====== Supplied data ======

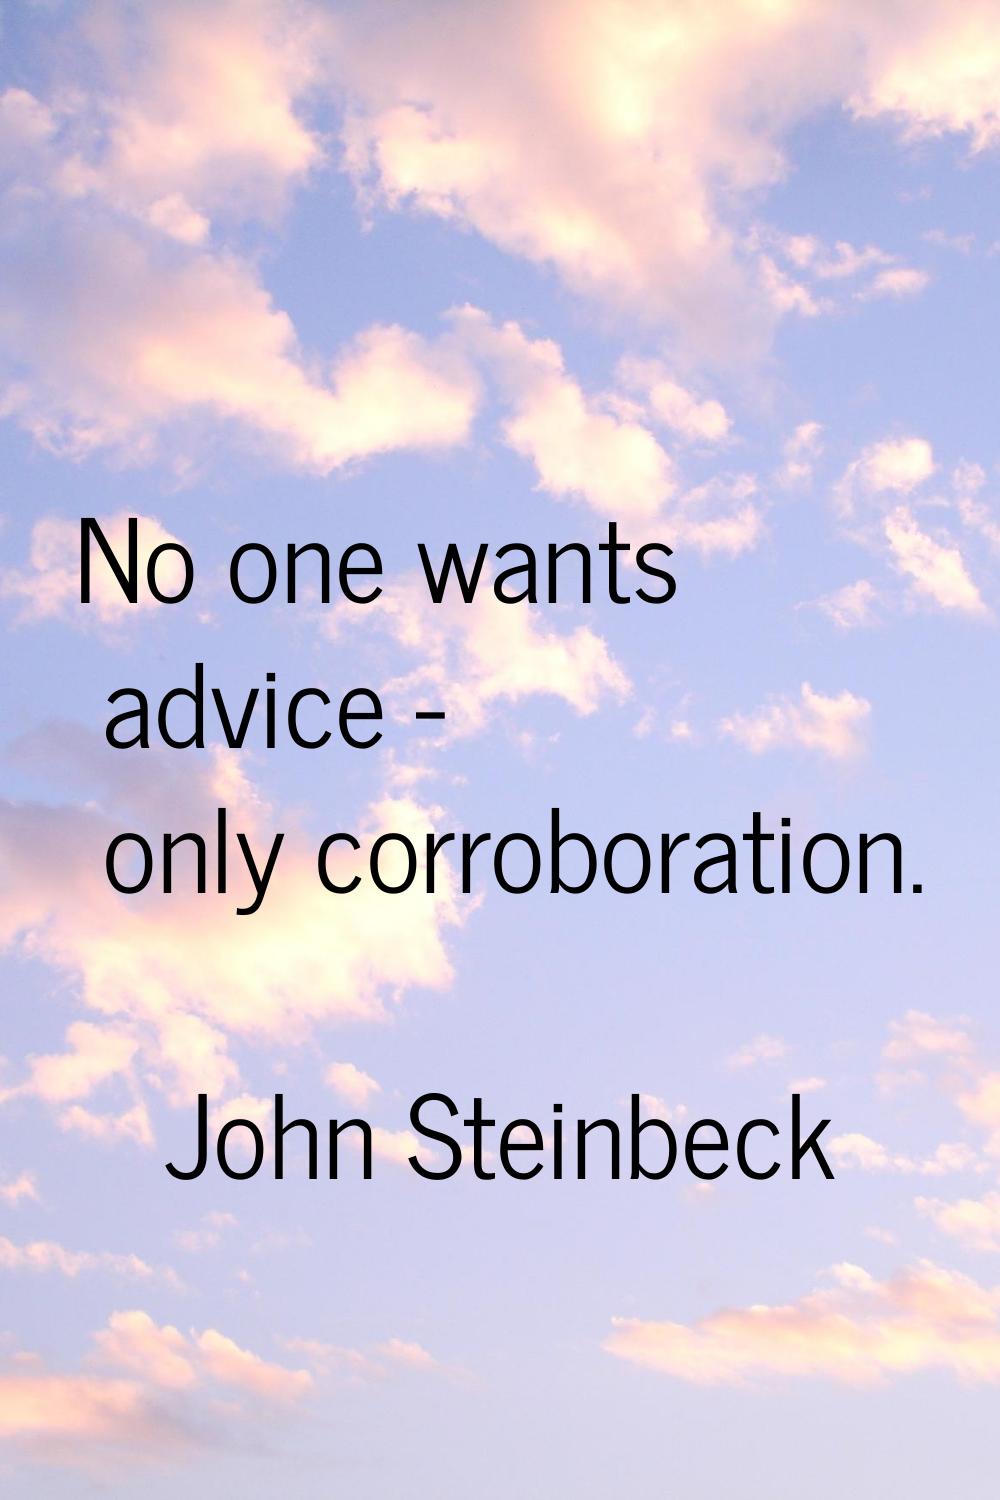 No one wants advice - only corroboration.
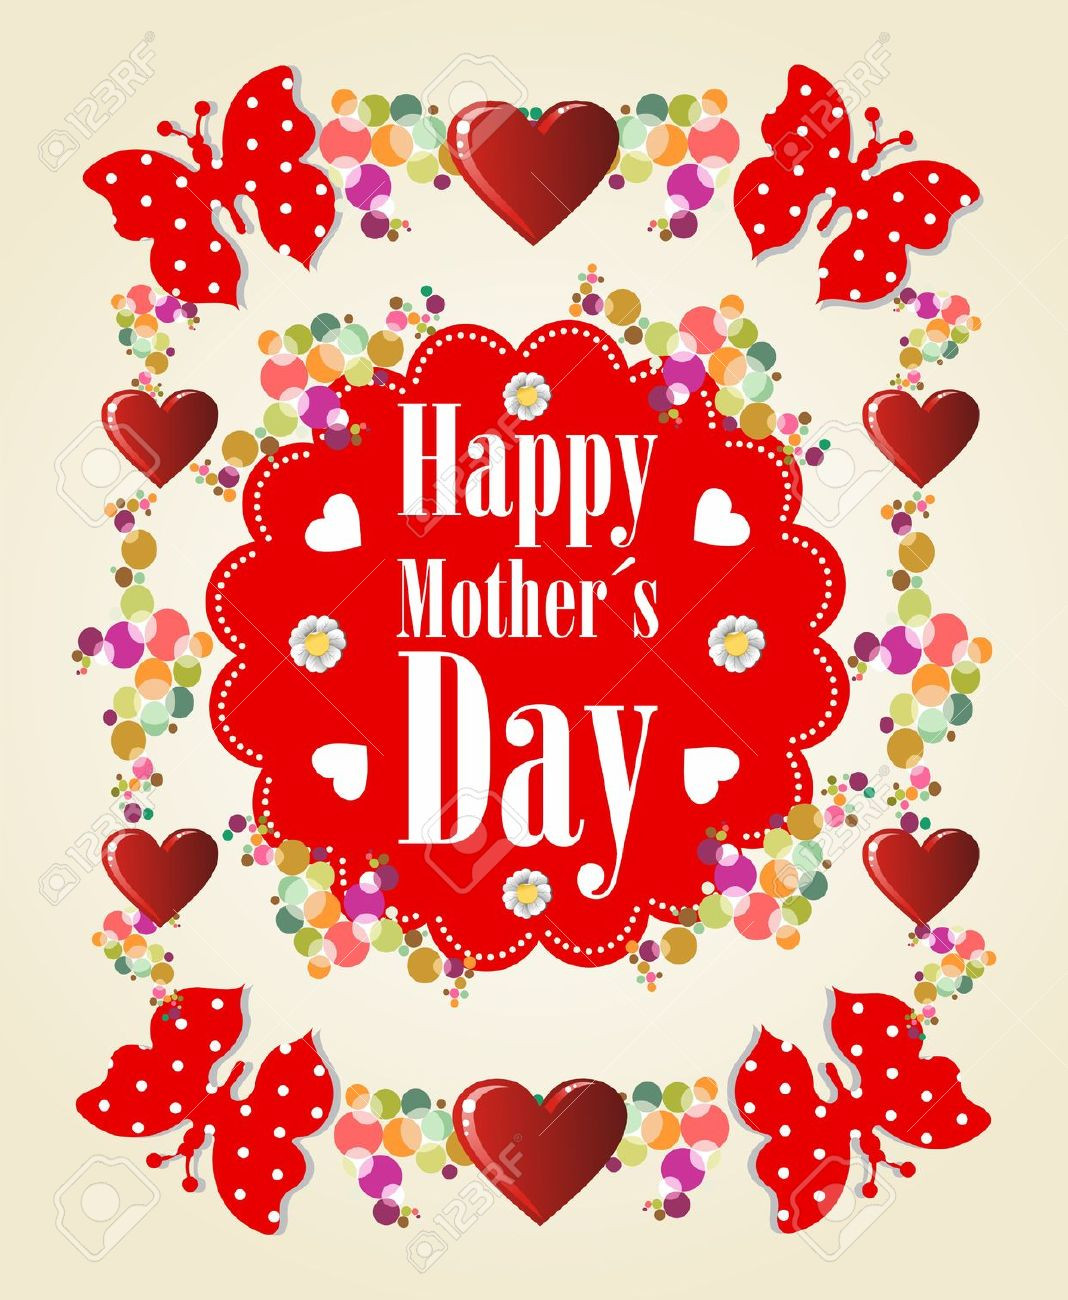 Happy Mothers Day 2017 Quotes
 Mothers day Inspirational Quotes 2017 Happy Valentines

======

--- Task directions ---
Pictures stay out; the data above is to be returned exactly.

--- The answer ---
 No one wants advice - only corroboration.
 Happy Mothers Day 2017 Quotes
 Mothers day Inspirational Quotes 2017 Happy Valentines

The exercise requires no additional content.